INFO [main] 2021-09-16 19:13:42,708 QueryProcessor.java:163 - Preloaded 447 prepared statements INFO [main] 2021-09-16 19:13:42,708 StorageService.java:657 - Cassandra version: 3.11.6 INFO [main] 2021-09-16 19:13:42,708 StorageService.java:658 - Thrift API version: 20.1.0 INFO [main] 2021-09-16 19:13:42,709 StorageService.java:659 - CQL supported versions: 3.4.4 (default: 3.4.4) INFO [main] 2021-09-16 19:13:42,709 StorageService.java:661 - Native protocol supported versions: 3/v3, 4/v4, 5/v5-beta (default: 4/v4) INFO [main] 2021-09-16 19:51:32,688 IndexSummaryManager.java:87 - Initializing index summary
2) C logs show many hints files are successful sent (HintsDispatcherExecutor logs for finished and HintsStore for deleted). In addition, there are thousands dropped due to high "mean cross-node dropped latency" which ranges from seconds to 2 minutes. Would increasing the max_hints_delivery_threads possibly aid in the drop latency? Is the drop due to a long queue time?
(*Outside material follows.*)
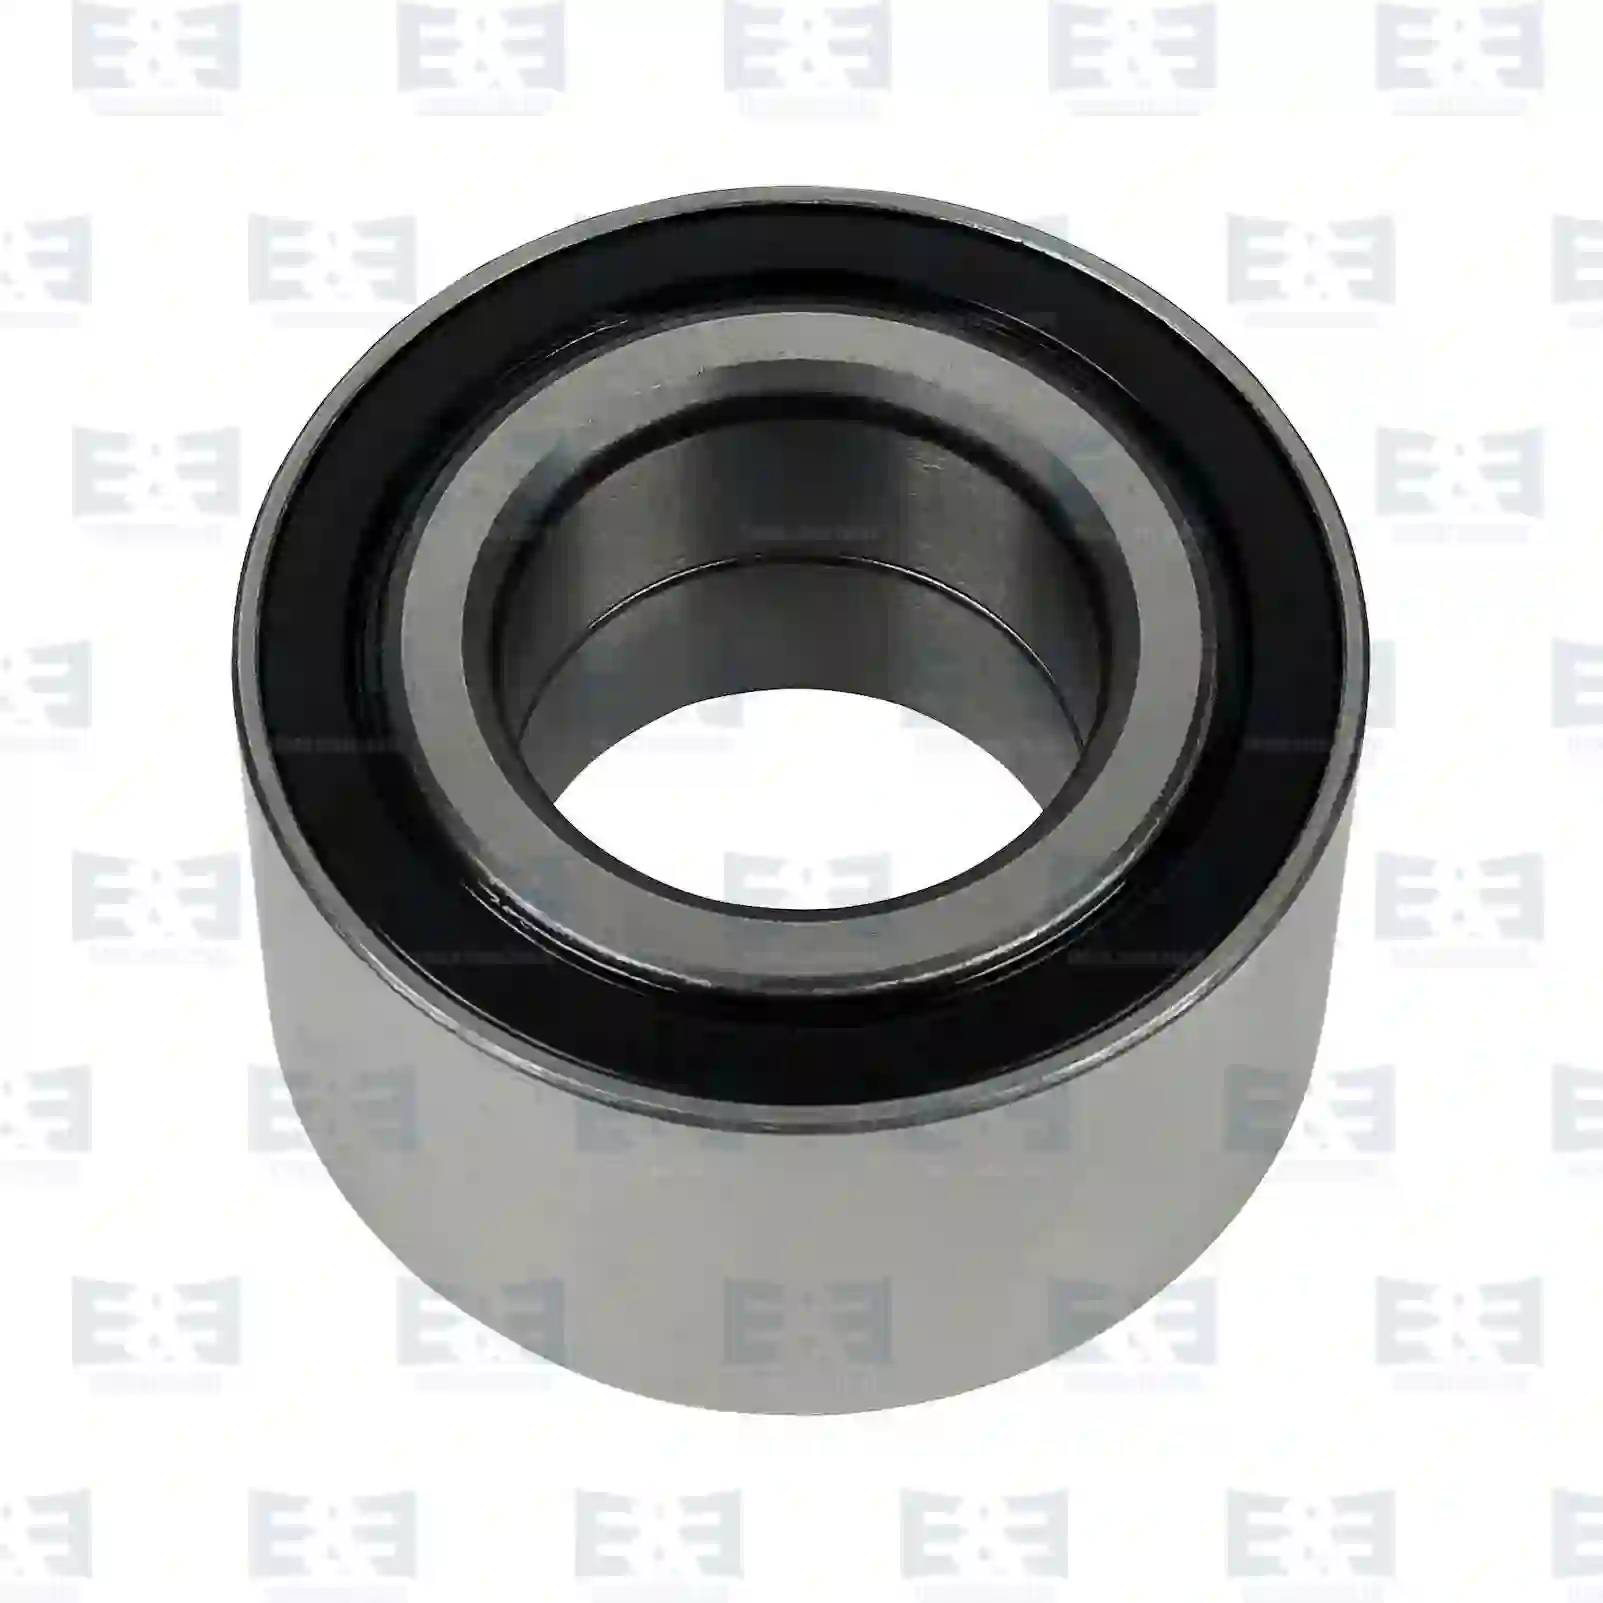 Camshaft Ball bearing, EE No 2E2206235 ,  oem no:1313361, 1525077, 1774645, 1774646, 1905699, ZG40186-0008 E&E Truck Spare Parts | Truck Spare Parts, Auotomotive Spare Parts

3) One hint file we have identified is dated April 16, 2021 (from its name uuid-timestamp-version) and has been sent 91,061 times despite other logs showing some successful finished hints to this node. Could it be that this file is corrupt?
4) When a hint file is partial, does that mean that each piece is max_hint_file_size_in_mb? We have some that are "Finished hinted handoff of file ..., partially" and broken into 20 messages of that filename before completing.
Thanks for your time!